Current Database Use: Our company's website is database driven and requires a large set of static data to be accurate on each environment (testing, staging, production) for the site to function correctly. The data in these tables determines page text, ability to save responses, and what portion of data is loaded onto the page.

Environment Setup: all of our developers use a shared database where they drop in, modify, and remove particular rows from tables holding static data. This allows their HTML/code changes to function properly.

Problem: I am then required to capture and "migrate" these changes to staging and production. I've currently been using Red Gate's Data/Schema Compare, but it has been increasingly difficult for me to identify which changes were meant to be migrated and what was test/experimentation. Thus our team decided to use Visual Studio Database Projects for schema, since developers can now commit their own changes

This still poses an issue for data. Red Gate data compare captures all of the changed data on the testing environment, but there is no confirmation whether that data is correct and if there are any data modifications that should not be pushed to staging. Each build cycle, there is around 400-600 INSERTS/UPDATES/DELETE rows (all coming from the same ~15 tables that the website uses to function).

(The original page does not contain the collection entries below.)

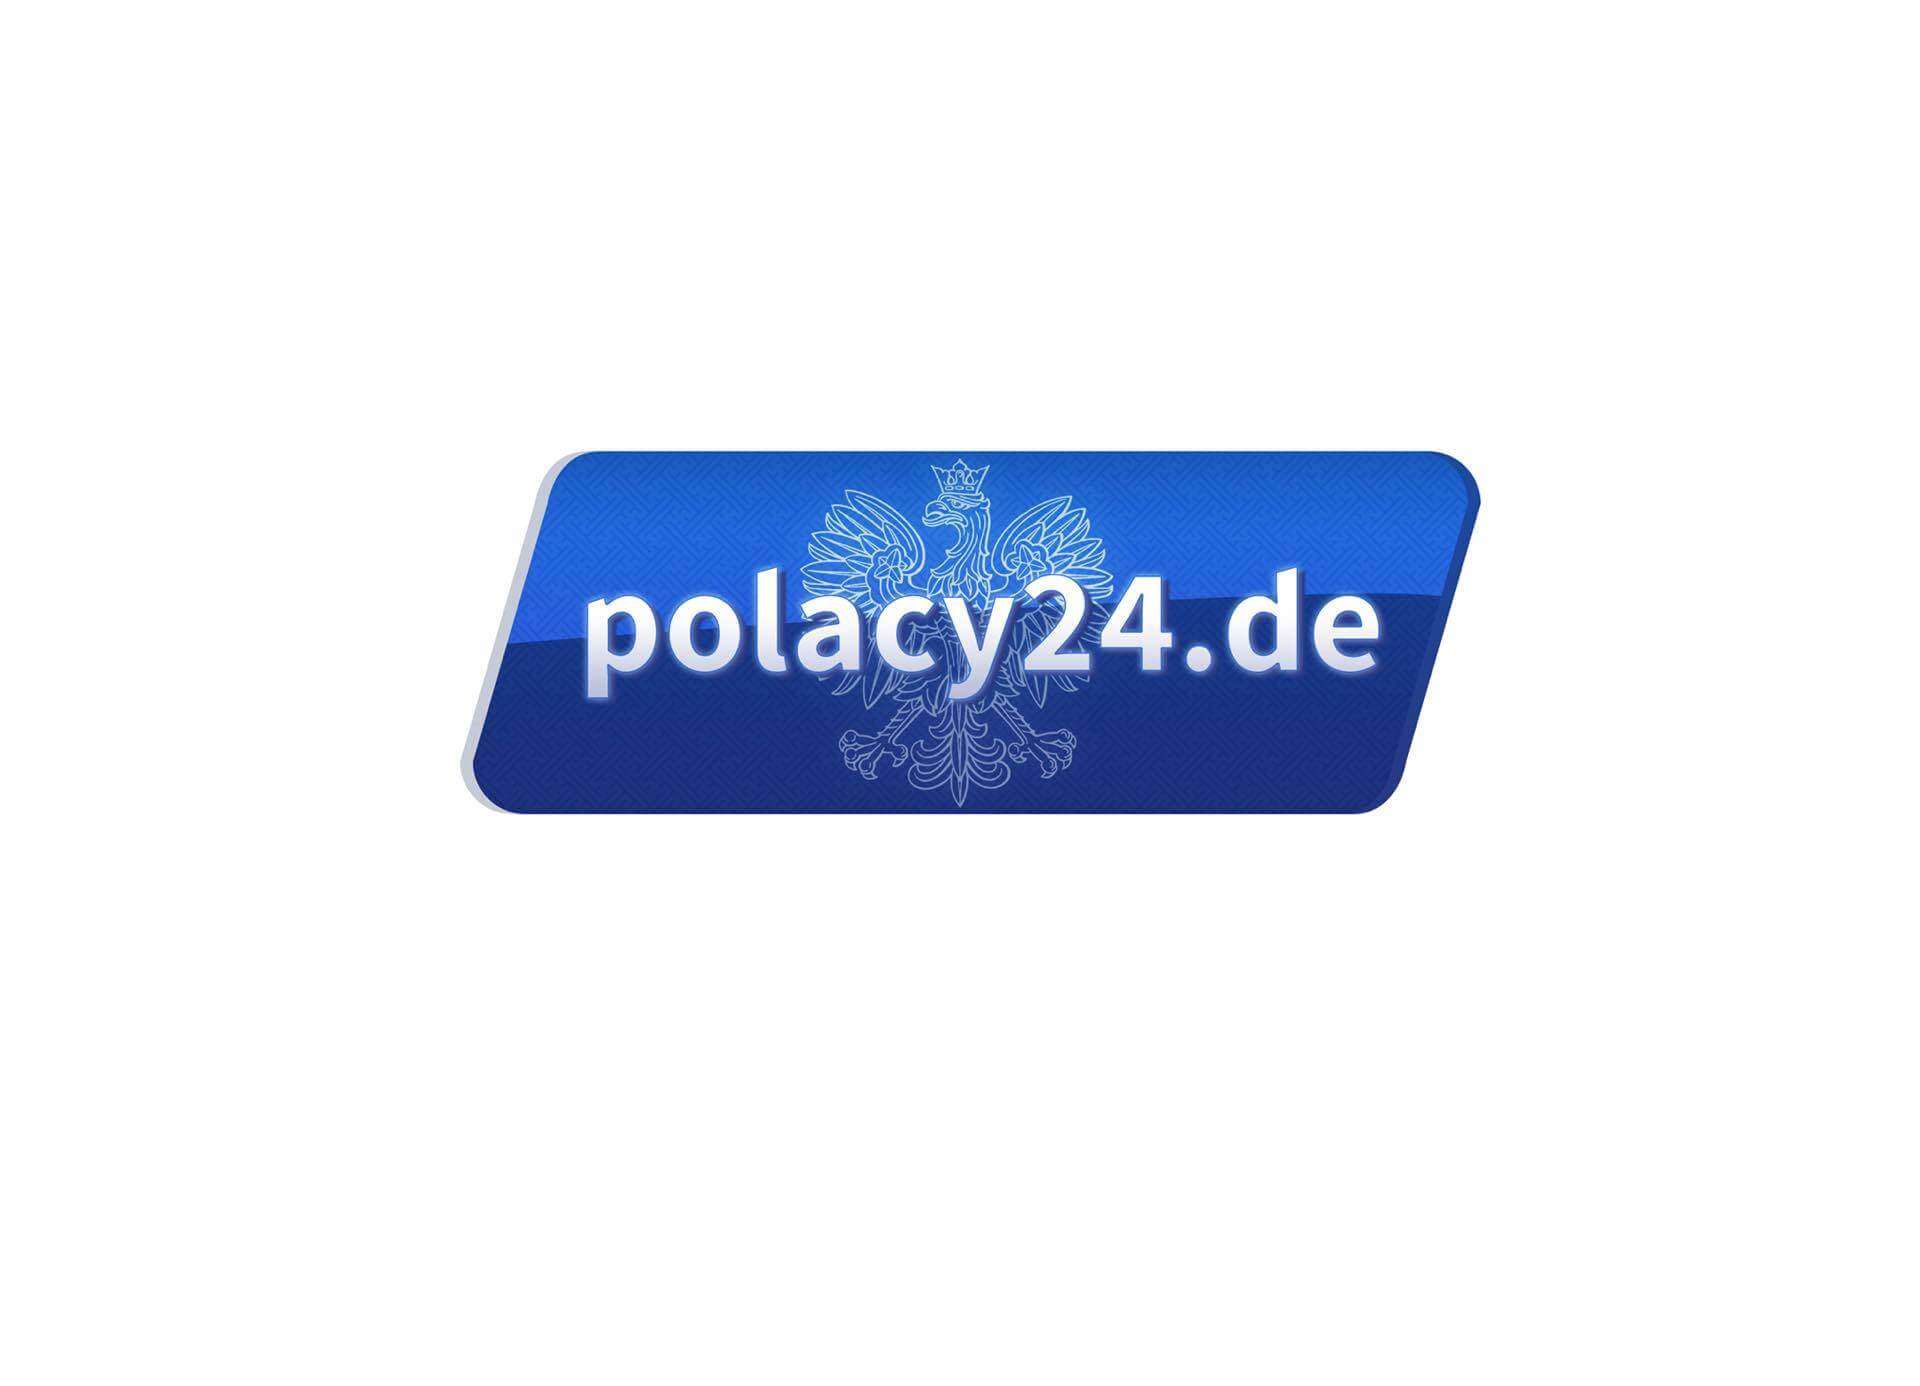 Polacy24.de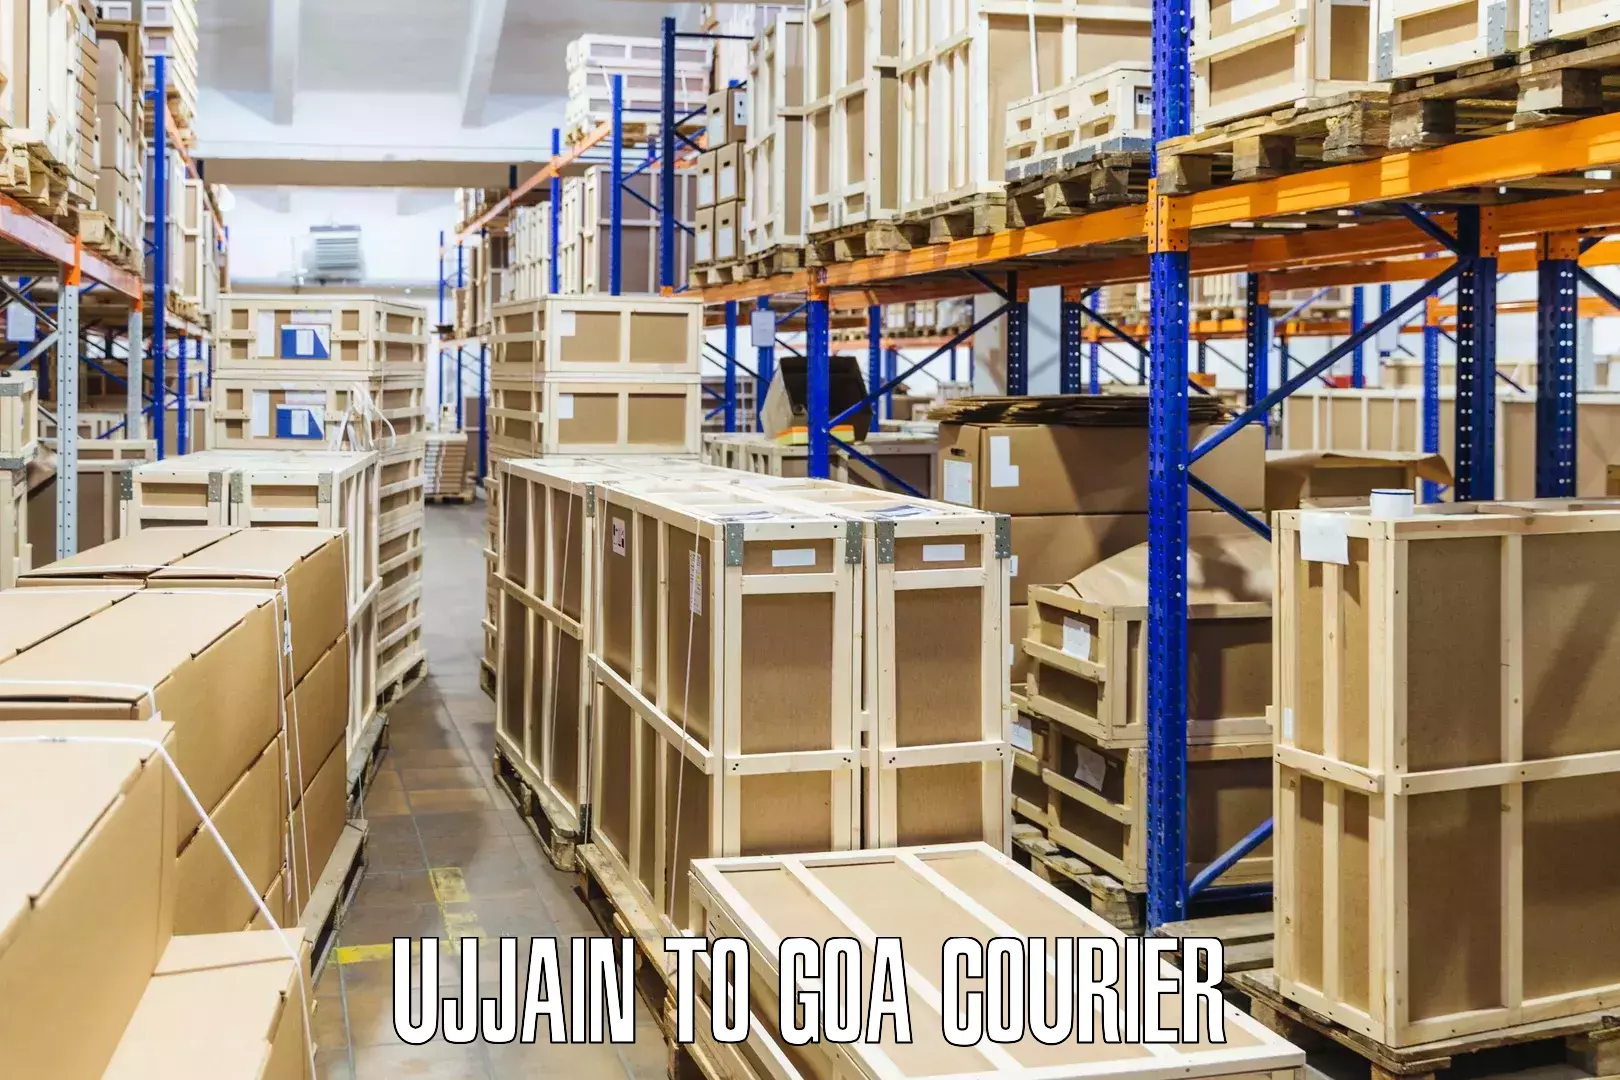 Customer-centric shipping Ujjain to IIT Goa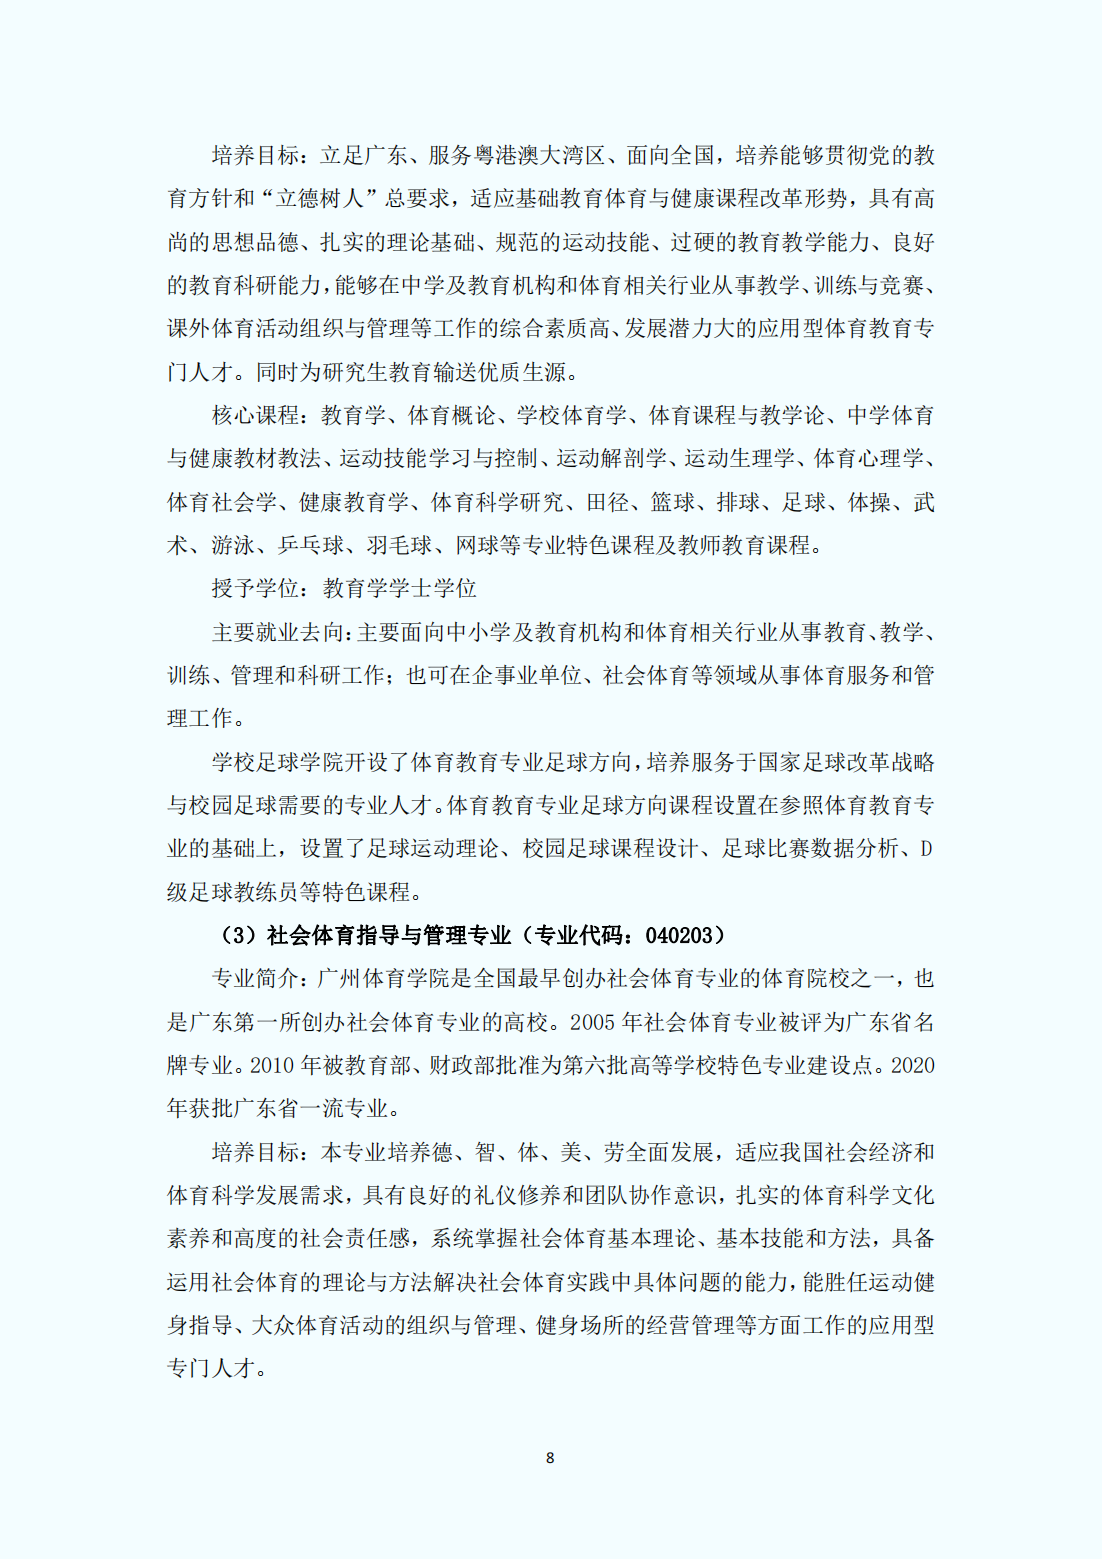 广州体育学院2023年普通本科招生报考指南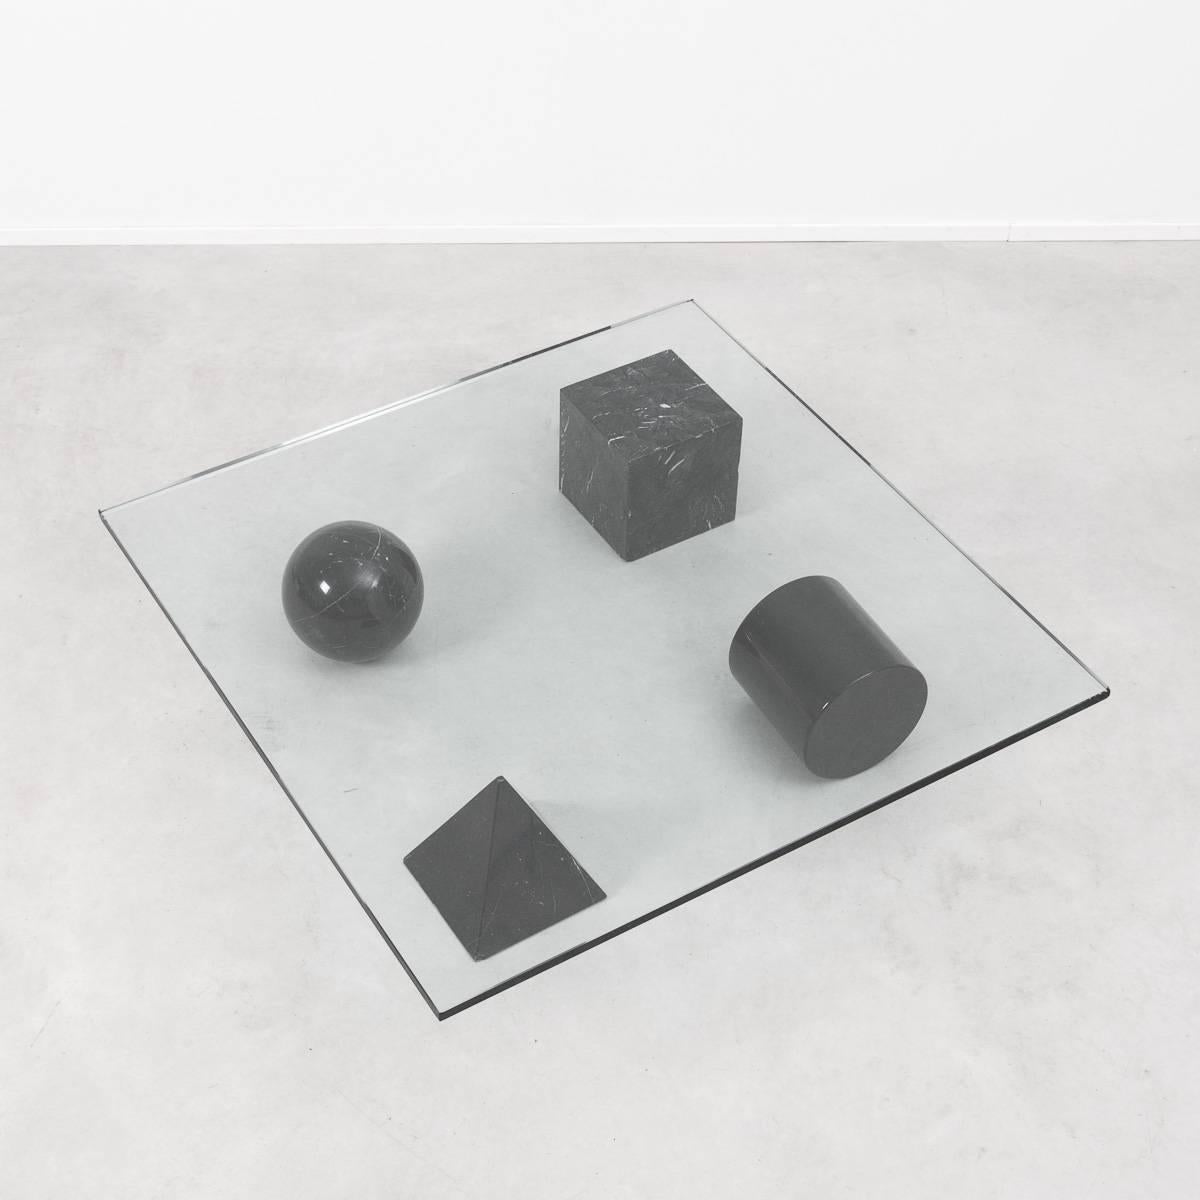 Mid-Century Modern Massimo Vignelli Metafora Coffee Table

Solution? I've looked into several means of managing these data changes:

  1. Continue using Red Gate data compare. This doesn't seem like a great option due to: a) being unable to determine which changes are correct and b) there isn't any database versioning since all data is being compiled and pushed between environments.
  2. Require each developer to commit data changes and sequence them in order of arrival in GIT source control (001_,002_, etc). During each build to the next environment, execute schema changes followed by the data changes in the order they were committed/created. Disadvantage: the scripts needs to be written well and should be able to run multiple times without affecting data adversely. Also, time consuming for developers and myself (reviewing each data script to make sure it will function correctly).
  3. Before a build, create MERGE statements for each of the ~15 tables. This will work similar to #1, except I would be able to store what the data looked like during X build (thus there would be some sort of database versioning). Disadvantage: no one is confirming changes, I am simply assuming all changes are accurate.
  4. ?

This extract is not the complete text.